Now back to the 1 inch part. When we look at a hand, we can complicate that view by looking at all the fingers, or the different lines on the hand, or how big or small it is. But none of those things impact the ball the way the last 1 inch of a pitcher's fingers do! This last 1 inch -sometimes referred to as the pads are pretty remarkable things.

The last 1 inch of your fingers, which is just past the last joint on each finger, packs a pretty amazing punch:

• It's the most sensitive part of your fingers

• It's where the strength of your hand turns into your grip

• It's what sets you apart from every other human on the planet by way of your fingerprint.

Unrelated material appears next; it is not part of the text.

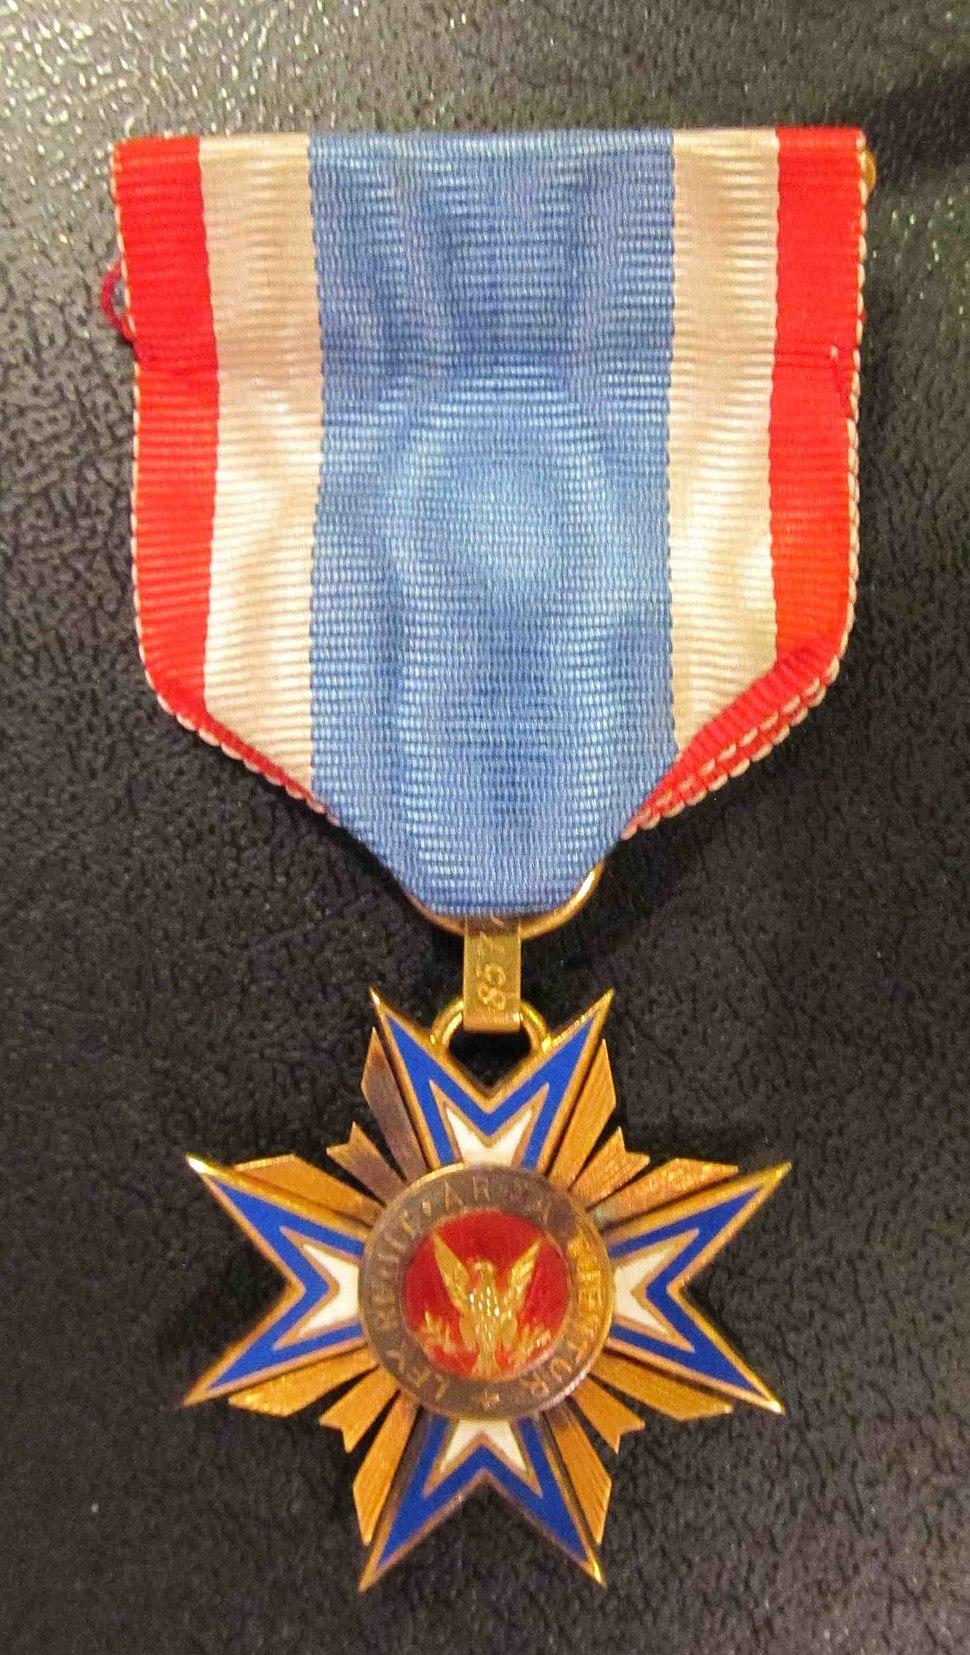 MOLLUS membership medal

• And, in the case of pitching - it's where all of the speed and power and movement that your body generated up to that point - that's all transmitted to the ball through the last 1 inch of your pitcher's fingers.

Pretty incredible stuff when you think about it that way! If your pitcher can learn to dominate the amount of pressure she applies to the ball through the last 1 inch of each of her fingers then she stands a far greater chance of transferring her body's energy onto the ball. If she wants the ball to change directions then she'll need to apply directional force and pressure through this same 1 inch.

1

Am I over-simplifying things just a bit - I sure hope so!! I believe that the simpler things sound the more possible they seem, and the more likely they'll be to remembered. There's nothing wrong with being simple just as there's nothing smart about being complicated. Use your words to transmit feelings to your players and to create understanding. Simplifying things helps players stay calm under pressure, remember things in a crisis and most of all - it helps their brain give better instructions to their body parts.

Help your pitchers dominate the last 1 inch of their fingers and watch your pitchers start to dominate the ball, and the game!